- Task: Set down the data that follows, exactly and completely.

- Dataset excerpts:
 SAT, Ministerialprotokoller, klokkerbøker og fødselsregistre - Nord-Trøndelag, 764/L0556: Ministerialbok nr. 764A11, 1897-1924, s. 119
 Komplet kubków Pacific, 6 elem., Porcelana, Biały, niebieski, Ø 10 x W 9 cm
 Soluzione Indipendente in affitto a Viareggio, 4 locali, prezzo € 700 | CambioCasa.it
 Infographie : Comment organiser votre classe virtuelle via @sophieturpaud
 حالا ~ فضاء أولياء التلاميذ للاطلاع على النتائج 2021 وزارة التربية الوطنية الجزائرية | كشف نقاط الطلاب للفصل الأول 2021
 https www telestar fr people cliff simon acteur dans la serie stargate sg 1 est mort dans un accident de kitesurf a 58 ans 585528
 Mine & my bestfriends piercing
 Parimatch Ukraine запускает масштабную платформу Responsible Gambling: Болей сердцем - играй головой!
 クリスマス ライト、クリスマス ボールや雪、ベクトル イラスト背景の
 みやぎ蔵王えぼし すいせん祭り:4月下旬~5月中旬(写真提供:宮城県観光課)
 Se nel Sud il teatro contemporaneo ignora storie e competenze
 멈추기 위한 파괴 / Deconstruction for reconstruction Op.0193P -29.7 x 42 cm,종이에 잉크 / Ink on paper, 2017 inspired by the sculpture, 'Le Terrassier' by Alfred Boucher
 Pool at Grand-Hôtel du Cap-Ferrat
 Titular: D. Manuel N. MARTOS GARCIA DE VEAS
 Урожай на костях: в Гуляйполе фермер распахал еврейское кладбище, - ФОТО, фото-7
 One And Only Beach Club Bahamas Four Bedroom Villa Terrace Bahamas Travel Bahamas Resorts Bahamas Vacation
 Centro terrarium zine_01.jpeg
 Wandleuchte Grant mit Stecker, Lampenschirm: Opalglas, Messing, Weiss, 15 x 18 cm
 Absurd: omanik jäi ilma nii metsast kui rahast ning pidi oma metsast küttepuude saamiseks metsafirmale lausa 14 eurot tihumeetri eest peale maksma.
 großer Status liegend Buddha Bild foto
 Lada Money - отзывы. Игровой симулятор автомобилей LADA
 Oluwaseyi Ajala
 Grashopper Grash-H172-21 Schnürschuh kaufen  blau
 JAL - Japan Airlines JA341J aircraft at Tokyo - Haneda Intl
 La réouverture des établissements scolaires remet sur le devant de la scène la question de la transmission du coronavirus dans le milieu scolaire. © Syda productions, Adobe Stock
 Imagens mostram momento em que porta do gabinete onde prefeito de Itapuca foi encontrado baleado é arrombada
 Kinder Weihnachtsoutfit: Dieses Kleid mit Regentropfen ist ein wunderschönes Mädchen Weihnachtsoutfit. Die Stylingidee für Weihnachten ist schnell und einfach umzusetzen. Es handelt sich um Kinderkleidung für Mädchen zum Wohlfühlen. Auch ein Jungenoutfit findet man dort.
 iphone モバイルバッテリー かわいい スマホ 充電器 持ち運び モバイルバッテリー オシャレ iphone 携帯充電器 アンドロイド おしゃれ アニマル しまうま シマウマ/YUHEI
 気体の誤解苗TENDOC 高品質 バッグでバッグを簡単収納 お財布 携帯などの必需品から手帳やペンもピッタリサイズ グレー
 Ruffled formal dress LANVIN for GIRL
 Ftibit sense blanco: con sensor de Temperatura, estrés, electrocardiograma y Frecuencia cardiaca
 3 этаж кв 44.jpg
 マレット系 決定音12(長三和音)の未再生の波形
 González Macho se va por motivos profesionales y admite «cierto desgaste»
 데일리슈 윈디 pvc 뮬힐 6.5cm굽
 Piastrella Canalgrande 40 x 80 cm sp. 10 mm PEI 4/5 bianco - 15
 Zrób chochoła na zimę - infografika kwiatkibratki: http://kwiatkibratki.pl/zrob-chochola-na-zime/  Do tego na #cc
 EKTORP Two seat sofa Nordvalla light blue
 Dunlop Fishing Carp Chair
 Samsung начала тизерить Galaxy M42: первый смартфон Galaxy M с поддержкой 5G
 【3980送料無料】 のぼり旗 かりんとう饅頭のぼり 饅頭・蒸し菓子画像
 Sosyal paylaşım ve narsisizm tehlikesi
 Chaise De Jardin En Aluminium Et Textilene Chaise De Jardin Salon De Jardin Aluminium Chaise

- Task answer:
 SAT, Ministerialprotokoller, klokkerbøker og fødselsregistre - Nord-Trøndelag, 764/L0556: Ministerialbok nr. 764A11, 1897-1924, s. 119
 Komplet kubków Pacific, 6 elem., Porcelana, Biały, niebieski, Ø 10 x W 9 cm
 Soluzione Indipendente in affitto a Viareggio, 4 locali, prezzo € 700 | CambioCasa.it
 Infographie : Comment organiser votre classe virtuelle via @sophieturpaud
 حالا ~ فضاء أولياء التلاميذ للاطلاع على النتائج 2021 وزارة التربية الوطنية الجزائرية | كشف نقاط الطلاب للفصل الأول 2021
 https www telestar fr people cliff simon acteur dans la serie stargate sg 1 est mort dans un accident de kitesurf a 58 ans 585528
 Mine & my bestfriends piercing
 Parimatch Ukraine запускает масштабную платформу Responsible Gambling: Болей сердцем - играй головой!
 クリスマス ライト、クリスマス ボールや雪、ベクトル イラスト背景の
 みやぎ蔵王えぼし すいせん祭り:4月下旬~5月中旬(写真提供:宮城県観光課)
 Se nel Sud il teatro contemporaneo ignora storie e competenze
 멈추기 위한 파괴 / Deconstruction for reconstruction Op.0193P -29.7 x 42 cm,종이에 잉크 / Ink on paper, 2017 inspired by the sculpture, 'Le Terrassier' by Alfred Boucher
 Pool at Grand-Hôtel du Cap-Ferrat
 Titular: D. Manuel N. MARTOS GARCIA DE VEAS
 Урожай на костях: в Гуляйполе фермер распахал еврейское кладбище, - ФОТО, фото-7
 One And Only Beach Club Bahamas Four Bedroom Villa Terrace Bahamas Travel Bahamas Resorts Bahamas Vacation
 Centro terrarium zine_01.jpeg
 Wandleuchte Grant mit Stecker, Lampenschirm: Opalglas, Messing, Weiss, 15 x 18 cm
 Absurd: omanik jäi ilma nii metsast kui rahast ning pidi oma metsast küttepuude saamiseks metsafirmale lausa 14 eurot tihumeetri eest peale maksma.
 großer Status liegend Buddha Bild foto
 Lada Money - отзывы. Игровой симулятор автомобилей LADA
 Oluwaseyi Ajala
 Grashopper Grash-H172-21 Schnürschuh kaufen  blau
 JAL - Japan Airlines JA341J aircraft at Tokyo - Haneda Intl
 La réouverture des établissements scolaires remet sur le devant de la scène la question de la transmission du coronavirus dans le milieu scolaire. © Syda productions, Adobe Stock
 Imagens mostram momento em que porta do gabinete onde prefeito de Itapuca foi encontrado baleado é arrombada
 Kinder Weihnachtsoutfit: Dieses Kleid mit Regentropfen ist ein wunderschönes Mädchen Weihnachtsoutfit. Die Stylingidee für Weihnachten ist schnell und einfach umzusetzen. Es handelt sich um Kinderkleidung für Mädchen zum Wohlfühlen. Auch ein Jungenoutfit findet man dort.
 iphone モバイルバッテリー かわいい スマホ 充電器 持ち運び モバイルバッテリー オシャレ iphone 携帯充電器 アンドロイド おしゃれ アニマル しまうま シマウマ/YUHEI
 気体の誤解苗TENDOC 高品質 バッグでバッグを簡単収納 お財布 携帯などの必需品から手帳やペンもピッタリサイズ グレー
 Ruffled formal dress LANVIN for GIRL
 Ftibit sense blanco: con sensor de Temperatura, estrés, electrocardiograma y Frecuencia cardiaca
 3 этаж кв 44.jpg
 マレット系 決定音12(長三和音)の未再生の波形
 González Macho se va por motivos profesionales y admite «cierto desgaste»
 데일리슈 윈디 pvc 뮬힐 6.5cm굽
 Piastrella Canalgrande 40 x 80 cm sp. 10 mm PEI 4/5 bianco - 15
 Zrób chochoła na zimę - infografika kwiatkibratki: http://kwiatkibratki.pl/zrob-chochola-na-zime/  Do tego na #cc
 EKTORP Two seat sofa Nordvalla light blue
 Dunlop Fishing Carp Chair
 Samsung начала тизерить Galaxy M42: первый смартфон Galaxy M с поддержкой 5G
 【3980送料無料】 のぼり旗 かりんとう饅頭のぼり 饅頭・蒸し菓子画像
 Sosyal paylaşım ve narsisizm tehlikesi
 Chaise De Jardin En Aluminium Et Textilene Chaise De Jardin Salon De Jardin Aluminium Chaise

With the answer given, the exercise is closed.